# Manson look in photoshop



## Johnnsen (14. September 2007)

Ich habe mal nach Tutorials gesucht, wie man den Manson look am besten auf ein normales Photo überträgt und rüberbringt, farbgebung und details etc. Damit meine ich diesen ganz besonderen Look der haut. Kann das nicht richtig beschreiben. Leider nicht wirklich was gefunden.

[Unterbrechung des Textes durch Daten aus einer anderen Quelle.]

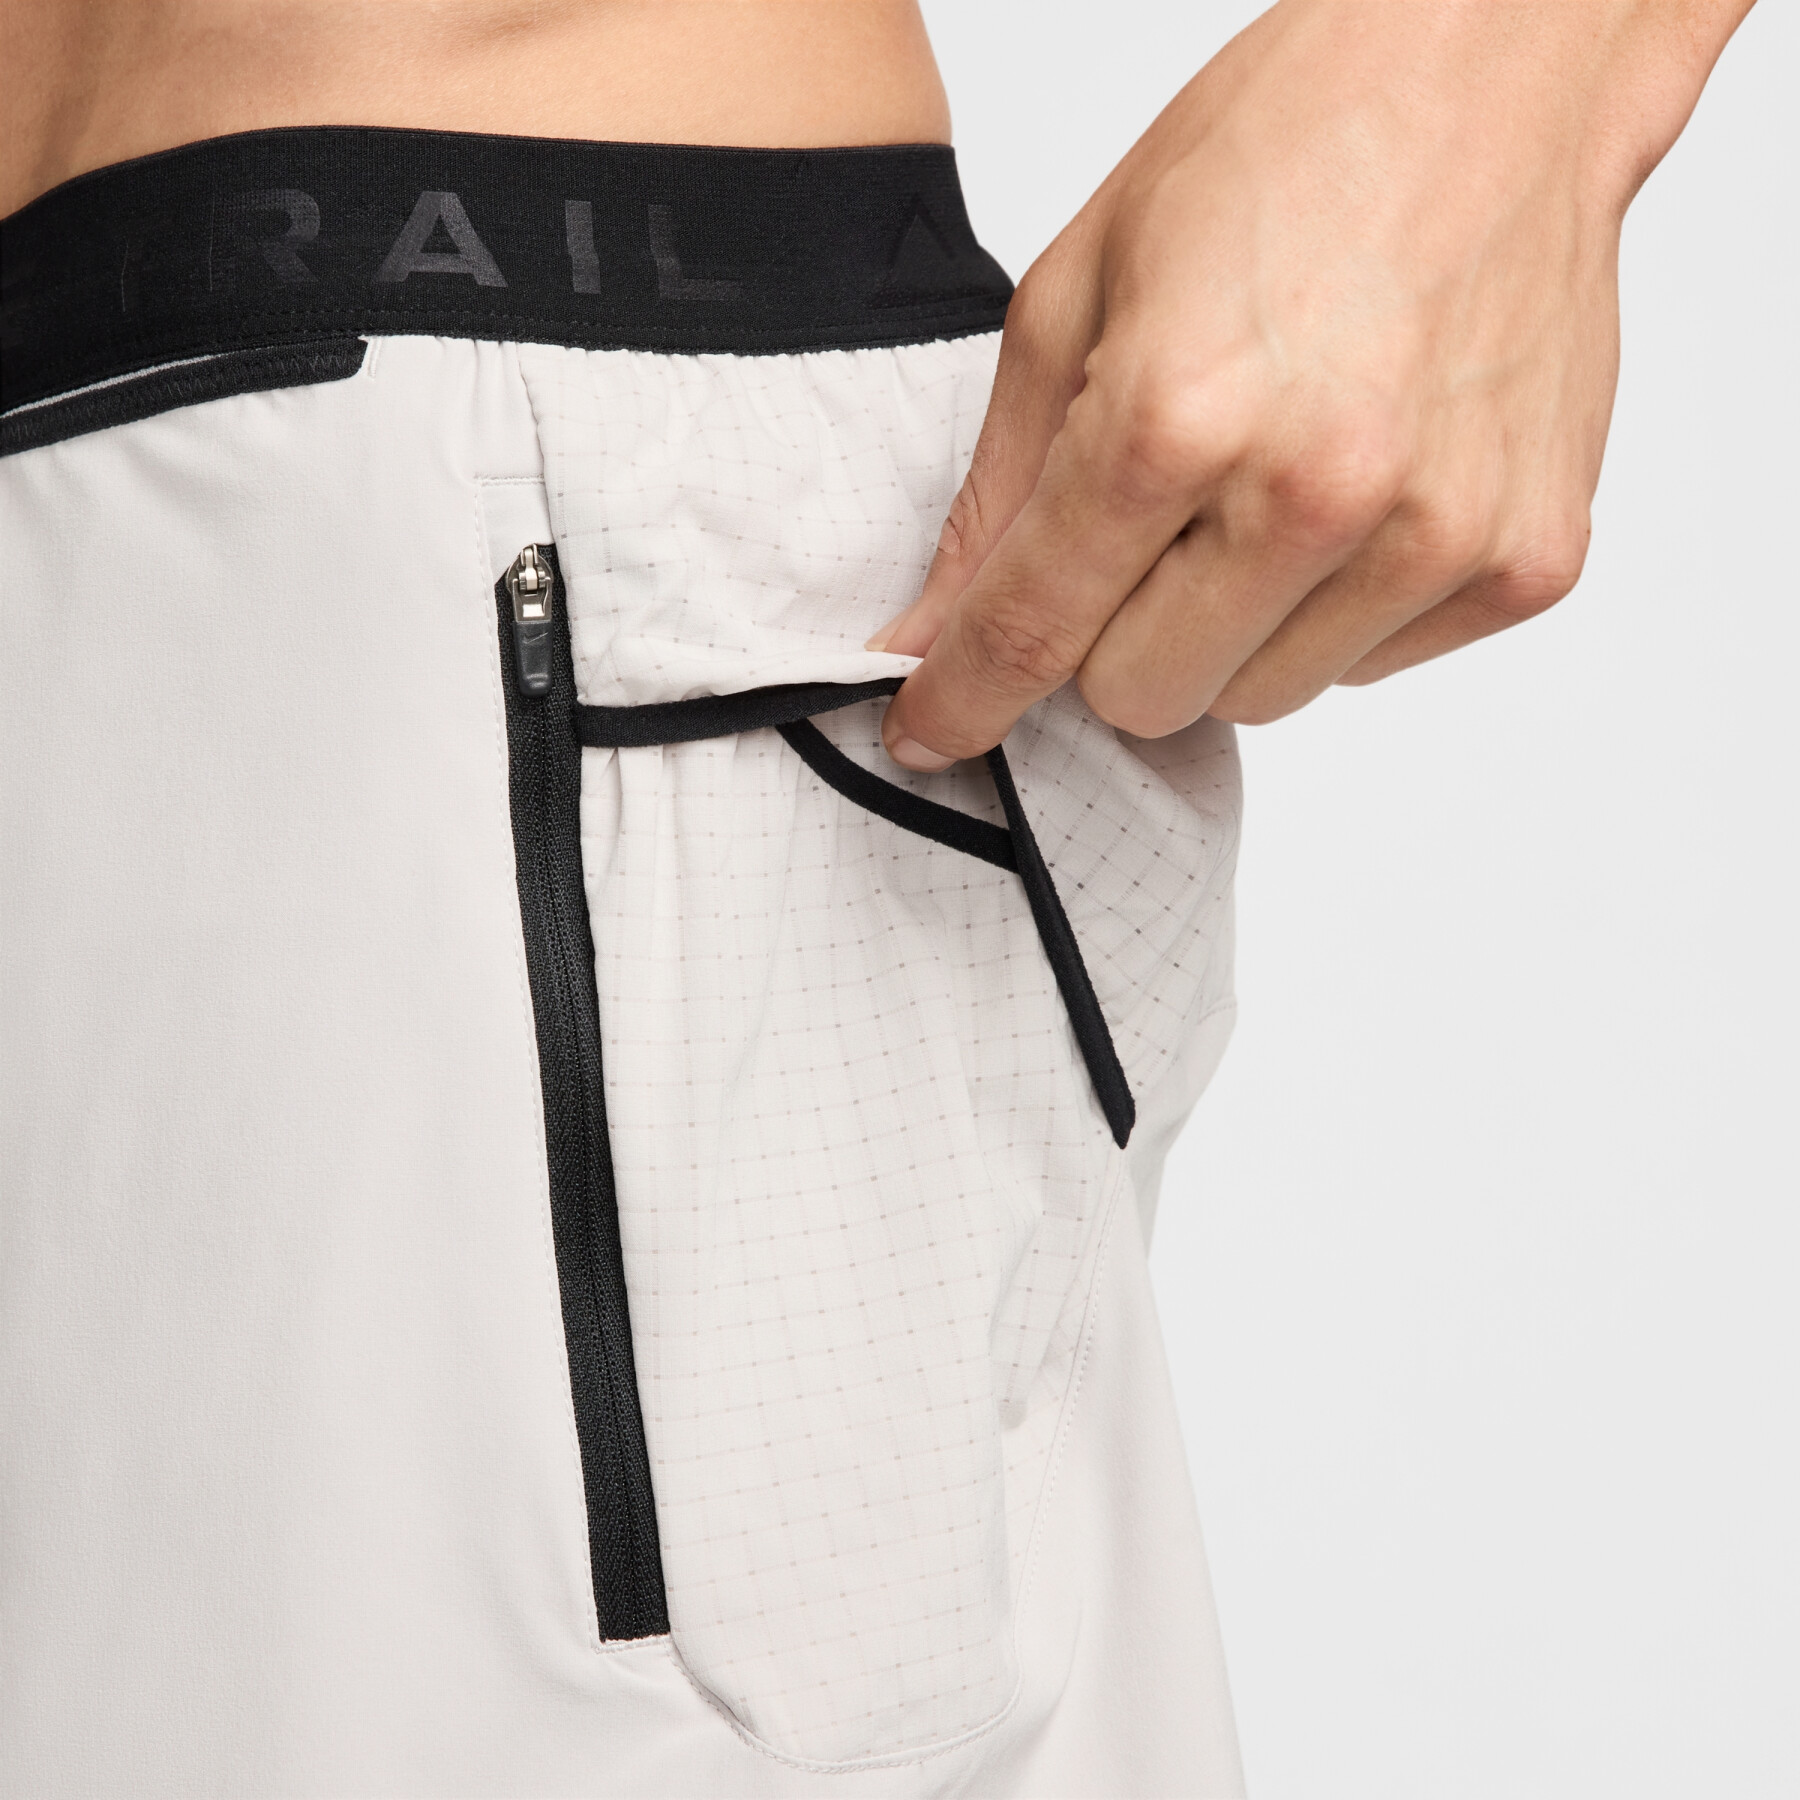 Pantalones cortos con calzoncillos integrados Nike Second Sunrise Dri-FIT

Goth makeup und grunge makeup als suchbegriff hat leider nur Tutorials für leichtes Frauenmakeup gebracht, nicht in dem Stil wie ich es gesucht habe. 

Beispiele: 






Man sieht am Beispiel hier, dass das nicht einfach makeup ist: 
	

	
	
		
		

		
		
	


	




Wäre nett, wenn mir da mal jemand helfen könnte.


----------



## chmee (14. September 2007)

Das erste Bild ist super fotografiert. Nur die wichtigsten Konturen und Schatten sind auf der Haut zu sehen. Ich bin aber weiterhin der Meinung, dass es die Grundarbeiten jedes Make-Up-Artists sind. 

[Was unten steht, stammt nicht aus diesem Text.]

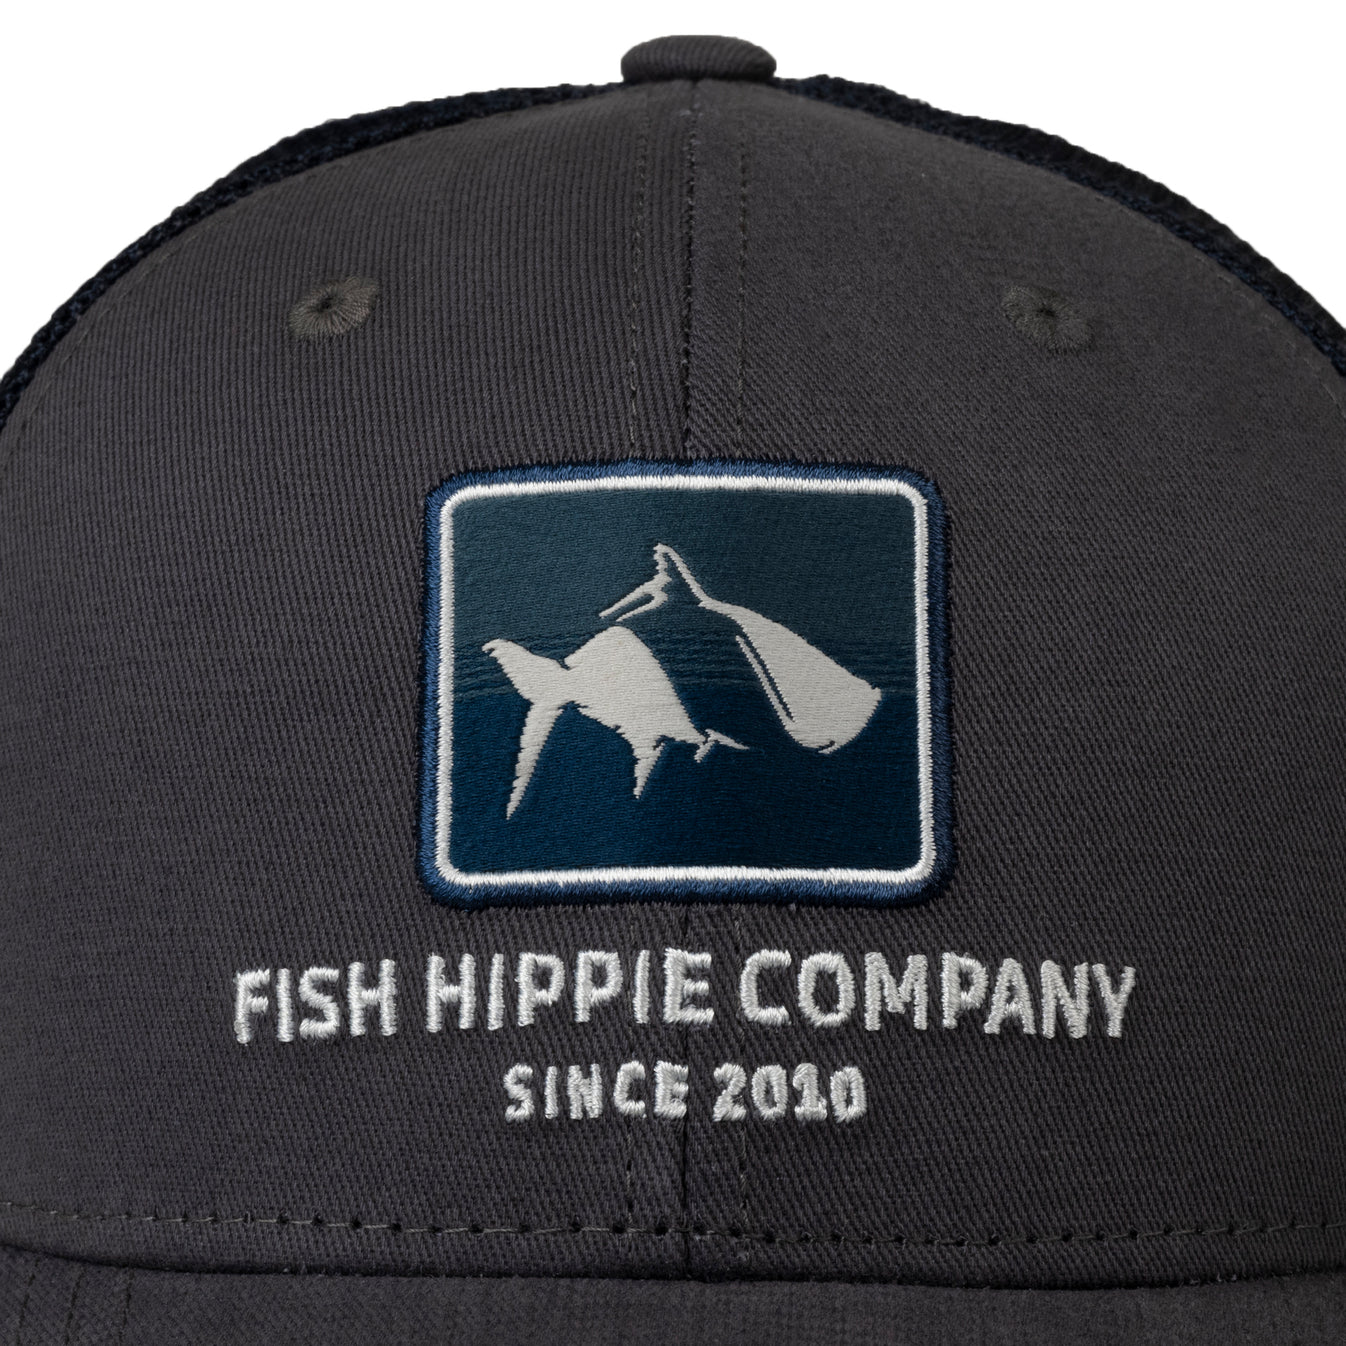 Fish Hippie Co. Fishing Hat Baseball Cap Blue Gray Red Mesh

Wichtig ist es - wenn es Bild 1 ähnlich sein soll - alle Unreinheiten zu entfernen und der Haut eine durchgehende weiche Fläche zu geben.

mfg chmee


----------



## Johnnsen (14. September 2007)

Und dort sehe ich das Problem. Habe sowas bisher nicht in Photoshop gemacht. Und meine Frage ist: 1tens: Wie schafft man das am besten? 2tens: Wie schafft man das, ohne das es einfach übergekritzelt aussieht. Also die Haut weicher zu machen, etc.


----------



## Boromir (14. September 2007)

Hallo,

das ist ein sogen. High Key Effekt (Bild1) wenn du das hinbekommst dürfte die Schminke kein Problem mehr sein. Guckst du: High Key 1, High Key 2


----------



## Johnnsen (15. September 2007)

Boromir hat gesagt.:


> Hallo,
> 
> das ist ein sogen. High Key Effekt (Bild1) wenn du das hinbekommst dürfte die Schminke kein Problem mehr sein. Guckst du: High Key 1, High Key 2



Vielen Dank für die links. Das werde ich sofort ausprobieren.


----------